The Curiously Large CASE Statement

 

A powerful little expression in SQL Server is the CASE statement. The CASE statement has the ability to “transform” data per business rules to help better understand the data in a given query. In the simplest form, the CASE statement is a statement that evaluates a list of conditions (in order) and returns the first matching result expressions.

Most uses of the CASE statement are benign enough that one wouldn’t even bat an eye at them. Every now and again, along comes a nifty little query that contains over 300 conditions in the CASE statement. Something that extreme certainly deserves a second (third or even fourth) look. In this article, I am going to explore one such CASE statement in an effort to squeeze more efficiency out of it.

300!

300+ conditions may be a bit hard to imagine. I know I had to double take the list more than once. Immediately upon seeing such an awful piece of code (not pulling punches there), I really wanted to dump the conditions/evaluations into a table and join to it. Eventually, I did put it into a table but not before catching some metrics. Let’s take a look at what this thing looked like from the execution plan properties perspective.

In the preceding image, note the query map in the scrollbar. I have the case statement circled in green. Yes – it is really that large.

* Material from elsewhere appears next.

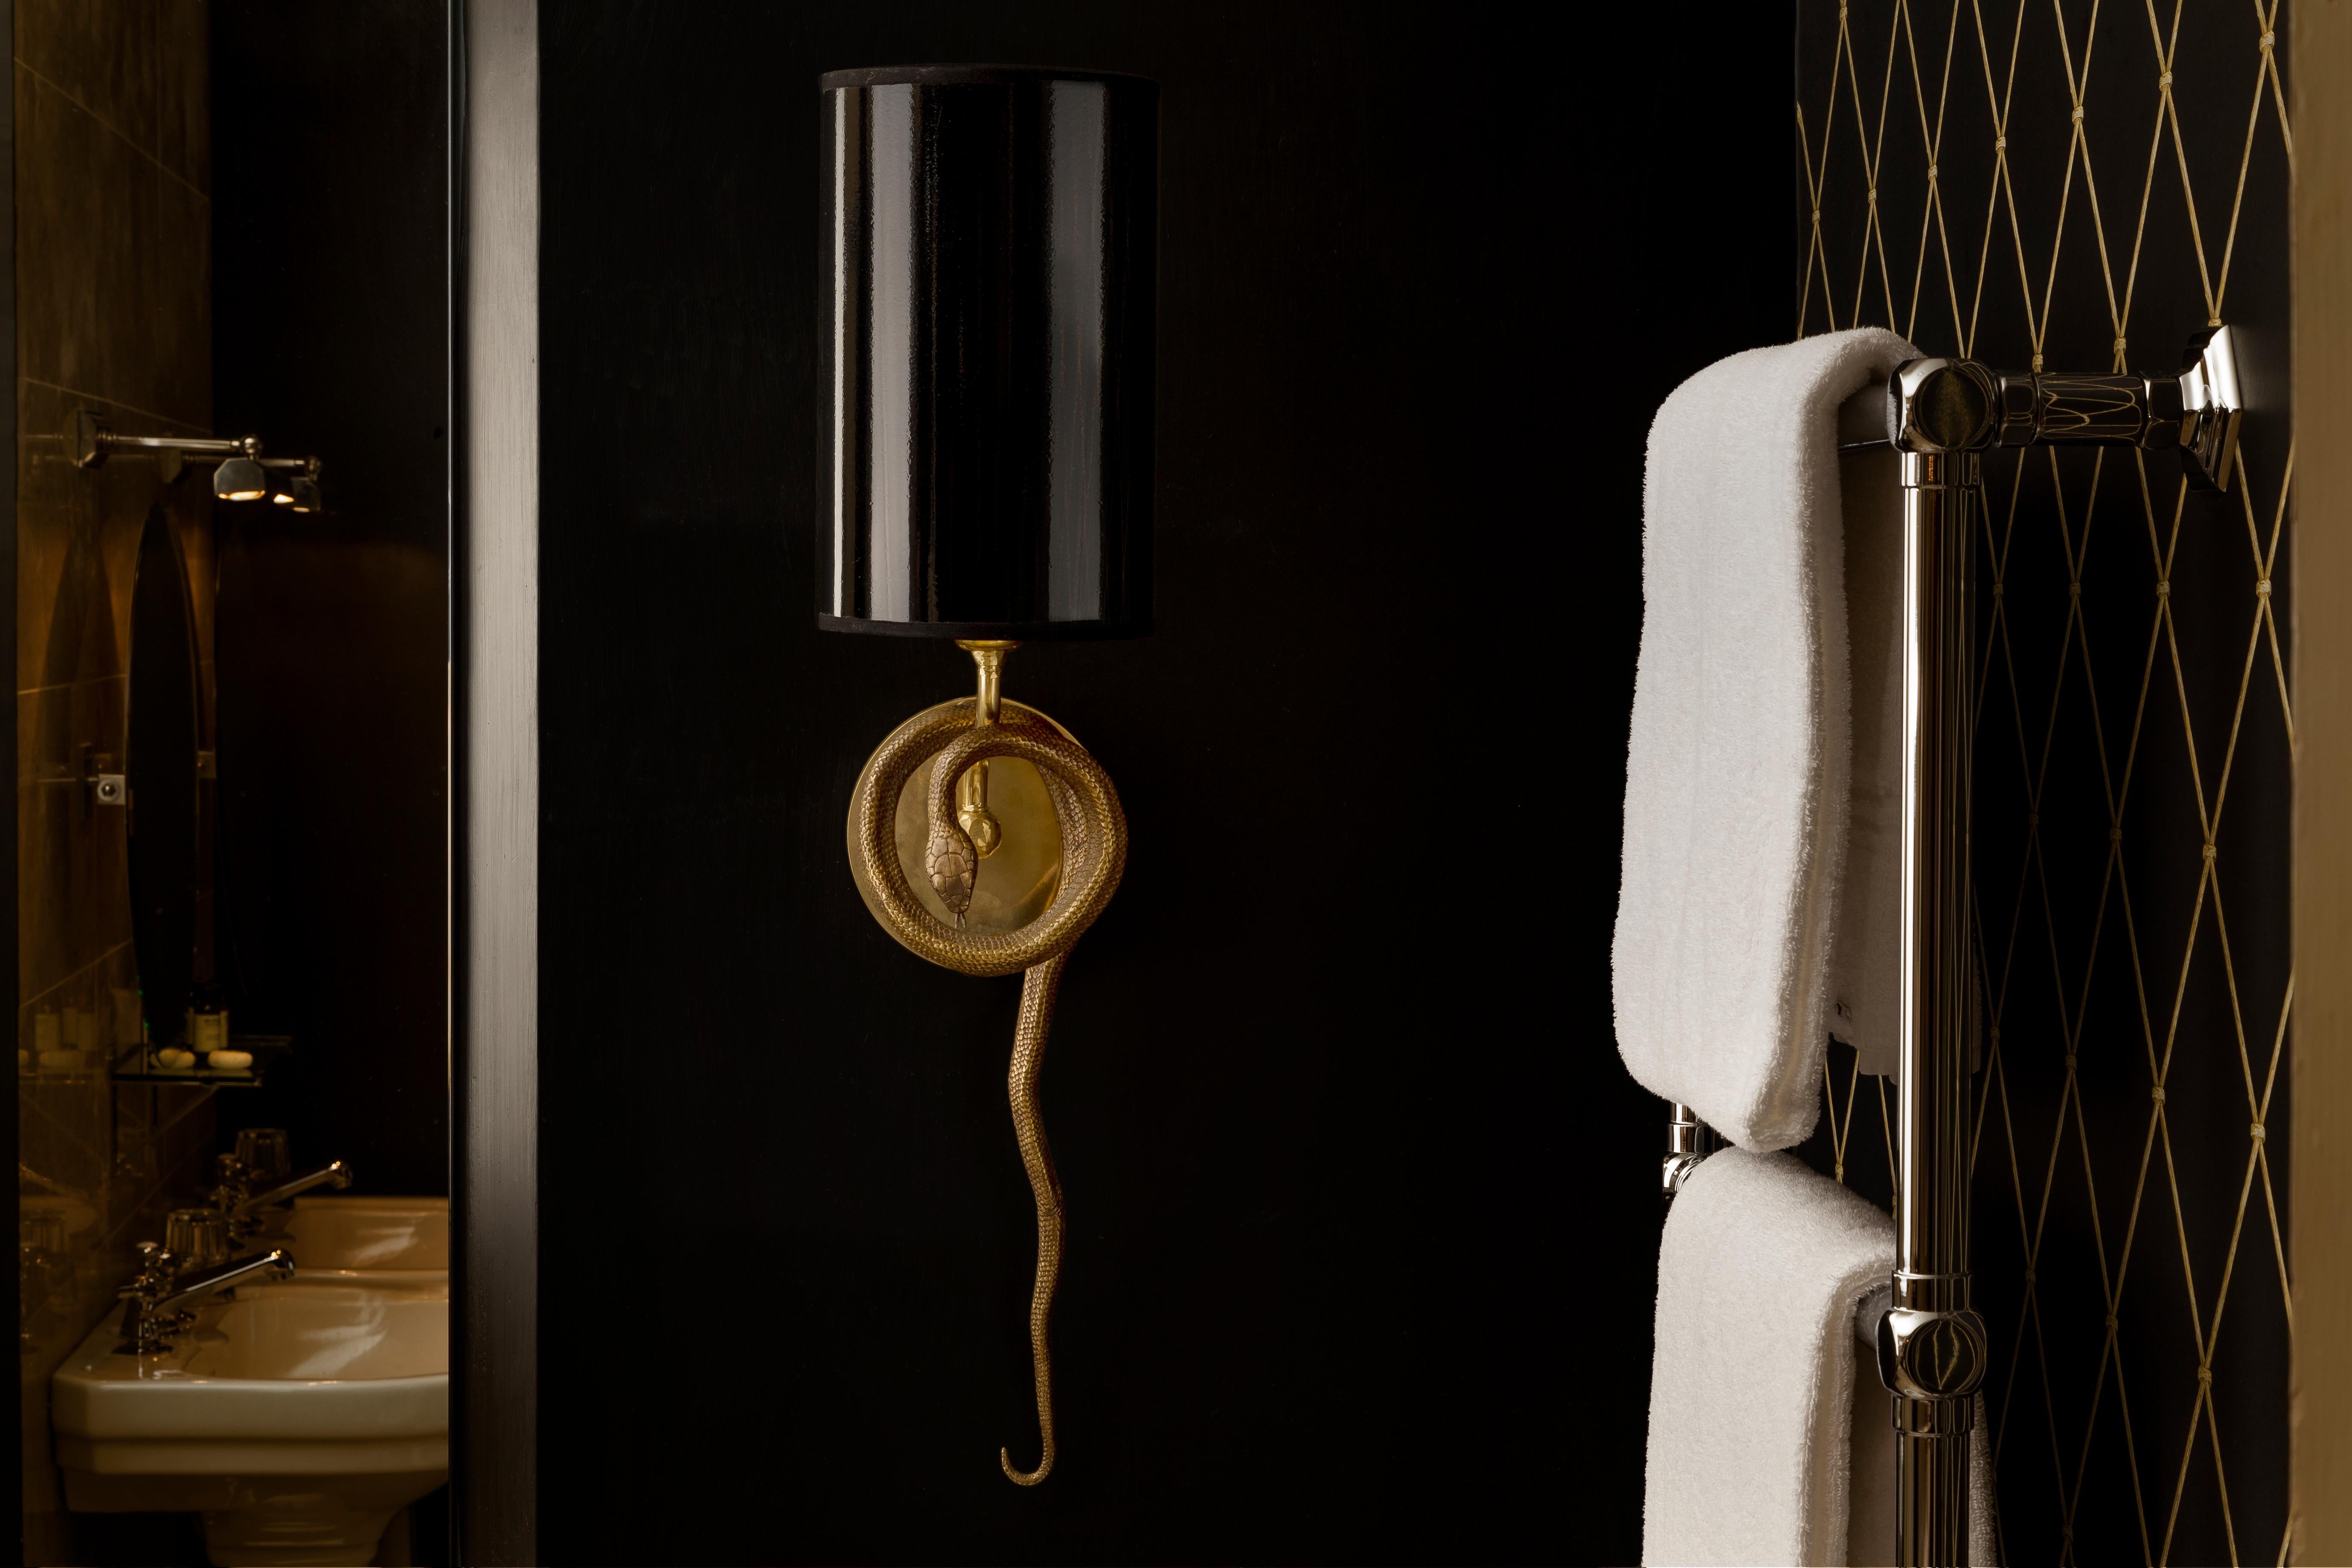 The Fauna 01 wall light, like the whole series of products in the Brass Brothers & Co. Eclectic collection, is inspired by the animal and plant world, sensual and tempting, the snake with its coils surrounds the arm of the wall light, recalling the

Next, I have “cached plan size”, “estimated number of rows”, and “estimated subtree cost” circled in red. Each of these shows something that is a little alarming to me. First, the plan size is 48MB! Next, the cost of the query is a little elevated at 51 and change. Last is what seems to be a high value for the estimated number of rows to be returned (only ~6k actually get returned).

On the plus side, the query only takes 381ms, or does it? The query actually takes 3 seconds to complete despite the timing in the properties window. Sometimes, we have to take some of these values in the properties window with a grain of salt.

What if I try to run this query on SQL Server 2017 instead of SQL Server 2014? Let’s take a look at what that might look like.

Firstly, we have a few properties that seem to indicate that we have moved in a slightly better direction with this particular query. The cached plan size has dropped all the way down to just 37MB. The estimated cost dropped to 36 and change and the elapsed time dropped to 353ms. Nothing terribly earth shattering there – but just changing to SQL Server 2017, in this case, we see a bit of an improvement.

That said, take a look at the compile memory and compile time. Memory is 30,544kb and the time is 1,324ms. Aha – we see why this query takes 3 seconds on SQL 2014 and roughly 2 seconds on SQL 2017. High compile times. That memory for the compile is too high for my liking as well so let’s go ahead and take a look at why that might be a little high. It’s time to look at the plan XML and the converted tree for the query (because it is fun).

This is where we get a little geeky with the CASE statement. In the execution plan XML (and the converted tree we will see in a bit), every evaluation criteria for the case statement must have some sort of instruction on how and what should be done. In the case of the XML, we have multiple scalar operators to denote the CASE statement and then each of the evaluations for the CASE statement.

Once we enter the CASE statement, the first thing we see is that there is an “OR” operation (circled in red). Then for each of the values to be compared, we will see an “Equality” operation (circled in green) followed by the value to be evaluated. For just the three values I have in the image, notice how that immediately bloats the execution plan XML for this query.

In the preceding image, we see the converted tree for this query. We see the same pattern evolve here. There is a scalar operator for each value to be evaluated. In this image, I just have the equality comparisons. However, there is also an OR operator that is defined further up in this converted tree. Could this possibly be the reason for the bloated compile time and compile memory?

Let’s evolve that query just a bit and use a table and a join for that particular case statement to see what happens.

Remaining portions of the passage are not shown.